━━━ Data ━━━
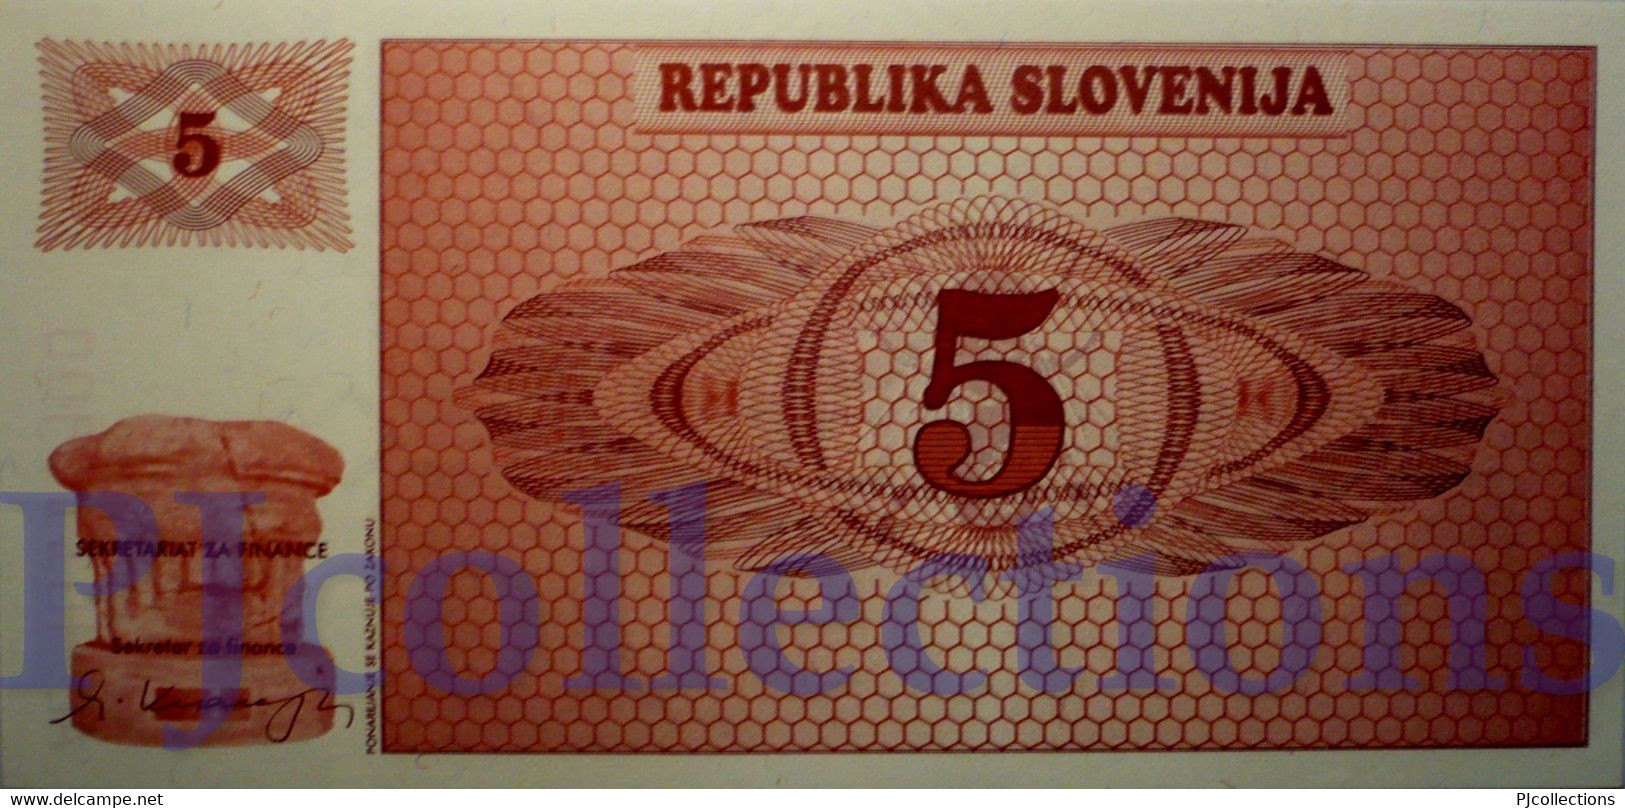 SLOVENIA 5 TOLARJEV 1990 PICK 3s1 SPECIMEN UNC - Slovénie
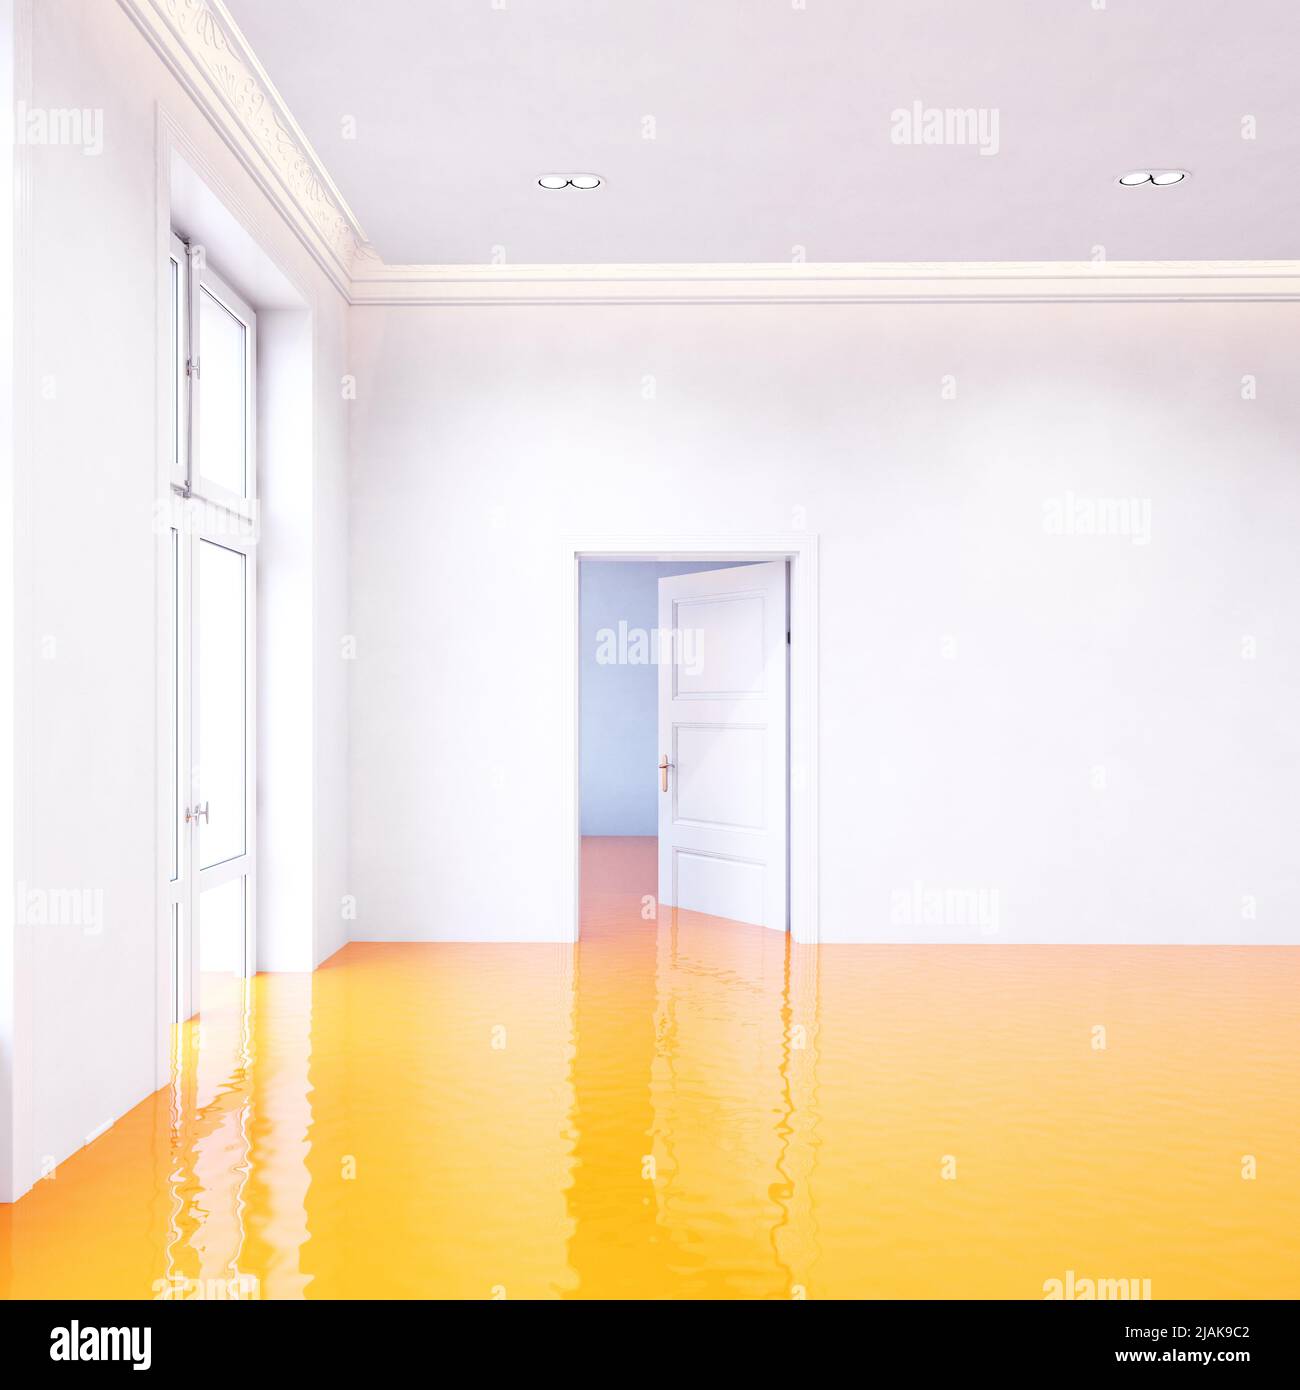 le jus d'orange envahit la chambre. 3d illustration créative Banque D'Images
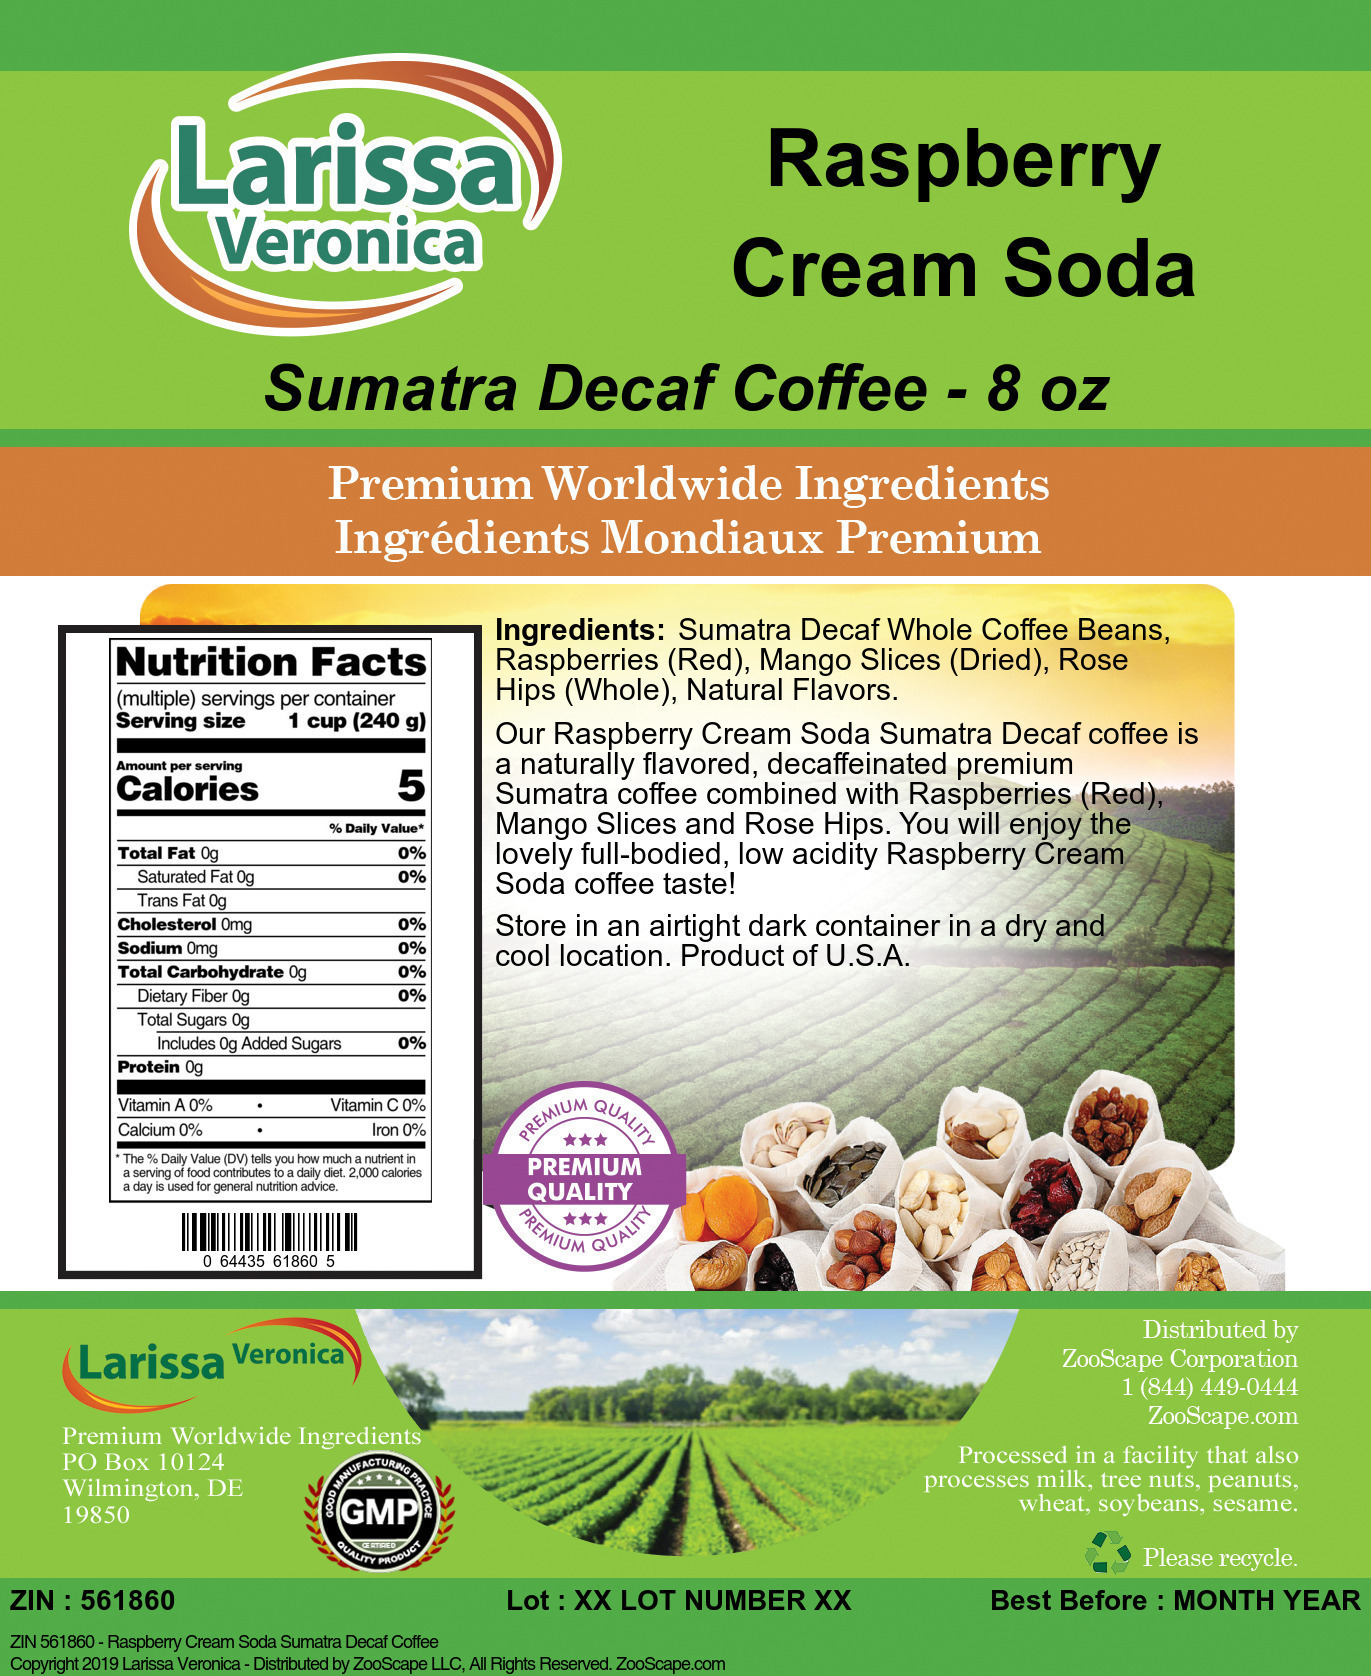 Raspberry Cream Soda Sumatra Decaf Coffee - Label
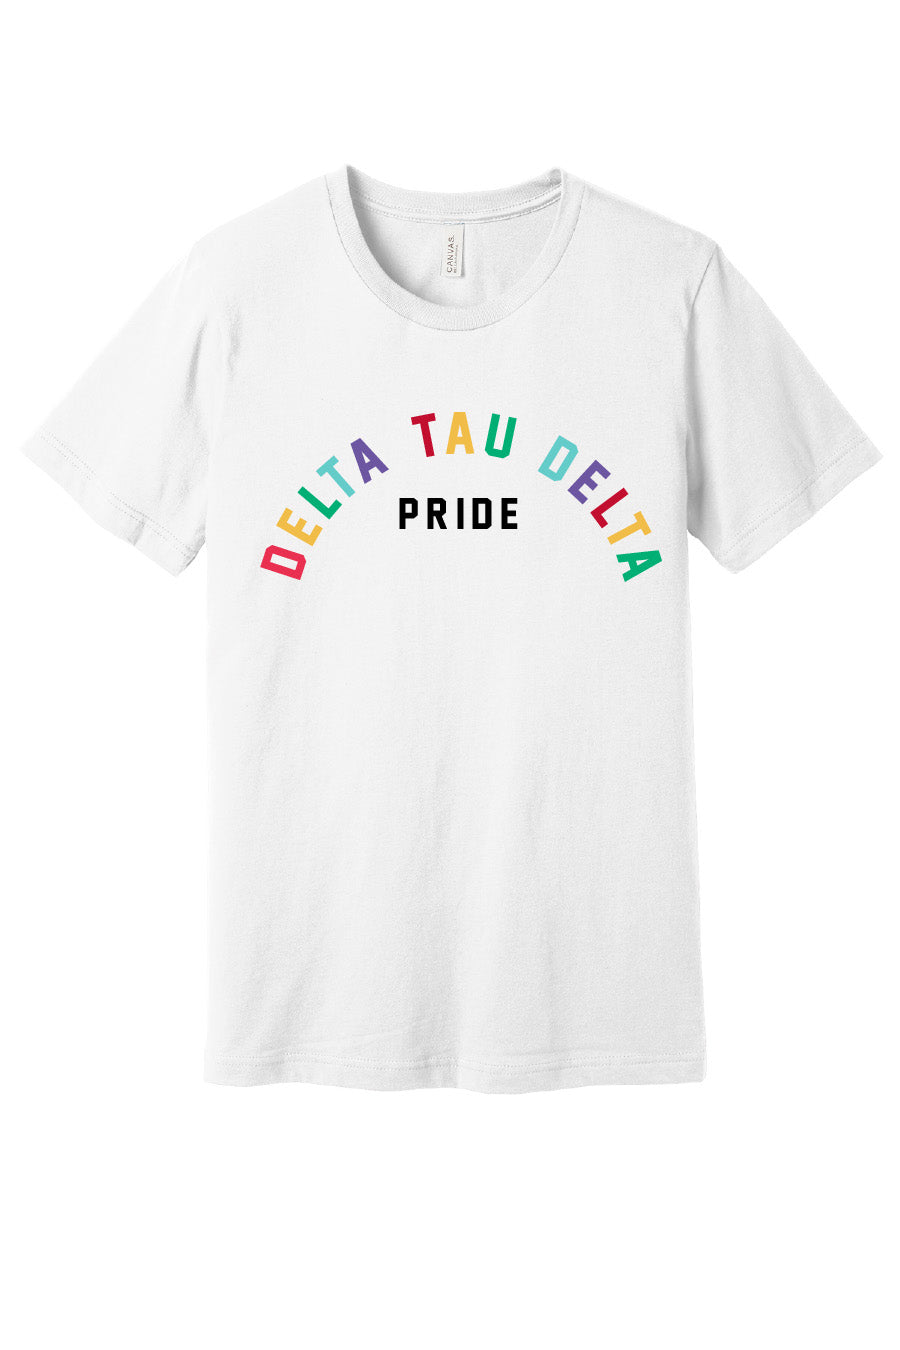 Delta Tau Delta Pride Tee
━━━
=== Problem description ===
All of the material shown above needs to be duplicated exactly. Omit every picture.

=== Solution below ===
 SLOVENIA 5 TOLARJEV 1990 PICK 3s1 SPECIMEN UNC - Slovénie
 le jus d'orange envahit la chambre. 3d illustration créative Banque D'Images
 Raspberry Cream Soda Sumatra Decaf Coffee - Label
 Delta Tau Delta Pride Tee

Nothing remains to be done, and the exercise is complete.